Thanks Hoss, do you think Hardwoods or Softwoods would be best for this type of thing?


----------



## WDHLT15 (Aug 15, 2011)

They will almost all crack. The center 10 rings or so are juvenile wood that shrinks more than the wood in the outer ring. This sets up stress, and the crack relieves the stress. It take a while for them to crack, though, so it is better to cut them right before the wedding a couple of days so that the surface can dry, but the stress that creates the cracks has not developed. The fact that they are not fully dry as they will be used for the wedding won't really matter (Who will know?), and after the wedding, no one will care if they will crack.

Some species are poor choices, that is, they are almost guaranteed to crack. Oaks are not good. Cherry is not good. Hickory and pecan are poor choices. The better choices are the species with spiral or interlocked grain. The spiral grain helps to hold them together against cracking. Sweetgum, elm, and balckgum are good. Walnut is not spiral grain, but behaves better than most species.
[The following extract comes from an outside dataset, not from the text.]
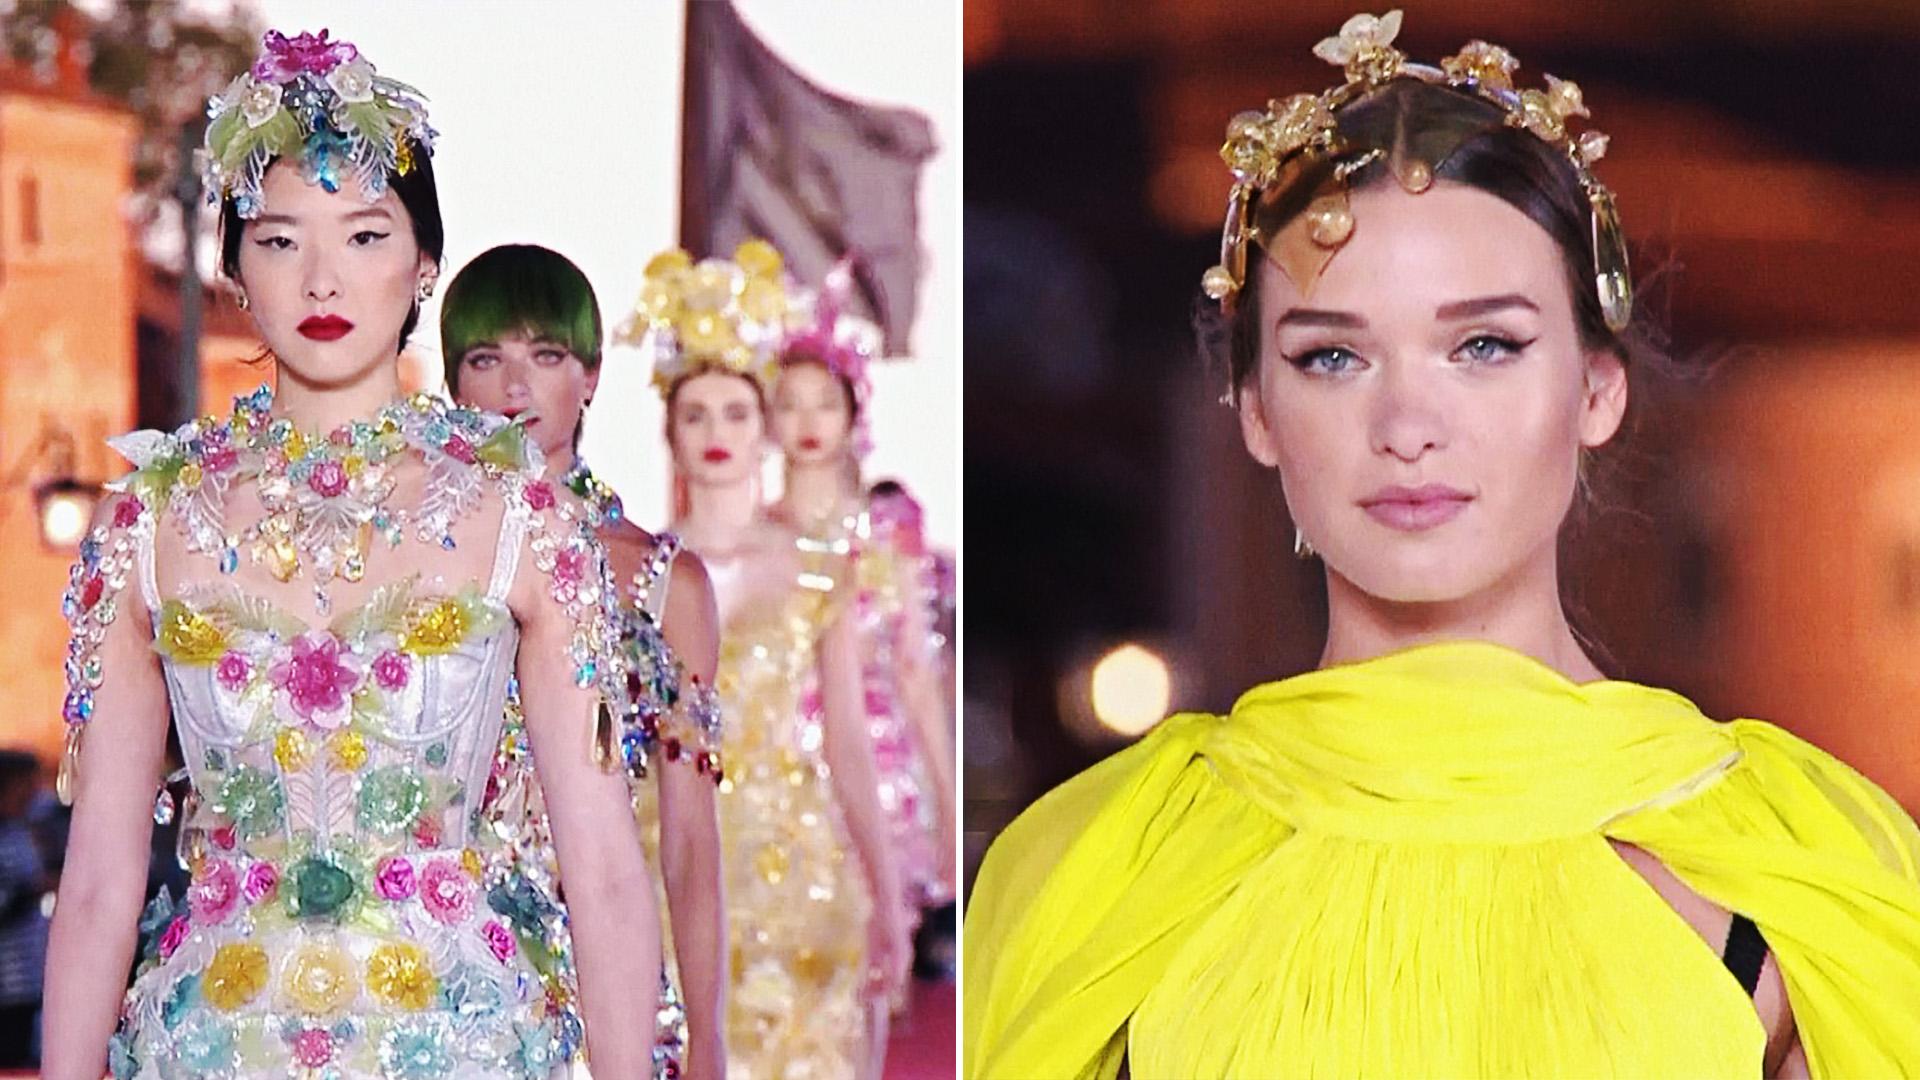 Показ Dolce & Gabbana: блеск, цвета и символы Венеции

Softwoods dry faster than hardwoods and are also prone to cracks.

The bark will stay on better if the tree was felled in the dormant season. The worst time for retaining the bark is the Spring when the cambium is most active.

Here is a sweetgum cookie. Sweetgum can be very nicely figured, but it might not be available in your area.


----------



## Blackie_ (Jul 10, 2011)

I wonder if soaking them in epoxy would solve that issue?


----------



## Snipes (Apr 3, 2012)

that's a fine cookie!! Hole in the center will also help.


----------



## Wildwood (Jul 22, 2012)

I would be tempted to just buy a gallon(s) of polyurethane and make myself a dipping station and hanging station. That way every part of the slab slice is covered uniformly. If set up correctly no more mess than brushing or spraying.

There are products like CedarCide, Pentacryl, and PEG you can brush on or soak wood in. The learning curve pretty steep, soaking probable will give you the best results but takes the most time.

Would not recommend CeadarCide product because of expense and info available. Check the their web site for more info.

Pentacryl expensive but readily available so provided info/instructions

http://www.preservation-solutions.com/product/pentacryl/#prettyPhoto

Instructions
http://www.preservation-solutions.com/wp-content/uploads/2013/12/Pentacryl_Directions_11_4_12.pdf

PEG is definitely a soaking proposition, and will tell you only finish can use after soaking process is Polyurethane.


----------



## BCDesign (Jul 4, 2014)

Nice lookng pieces!love the lettering!


----------



## Neptuno (Oct 17, 2014)

You can soak then in diluted epoxy, but you will need some way of applying vacuum.

Pedro


----------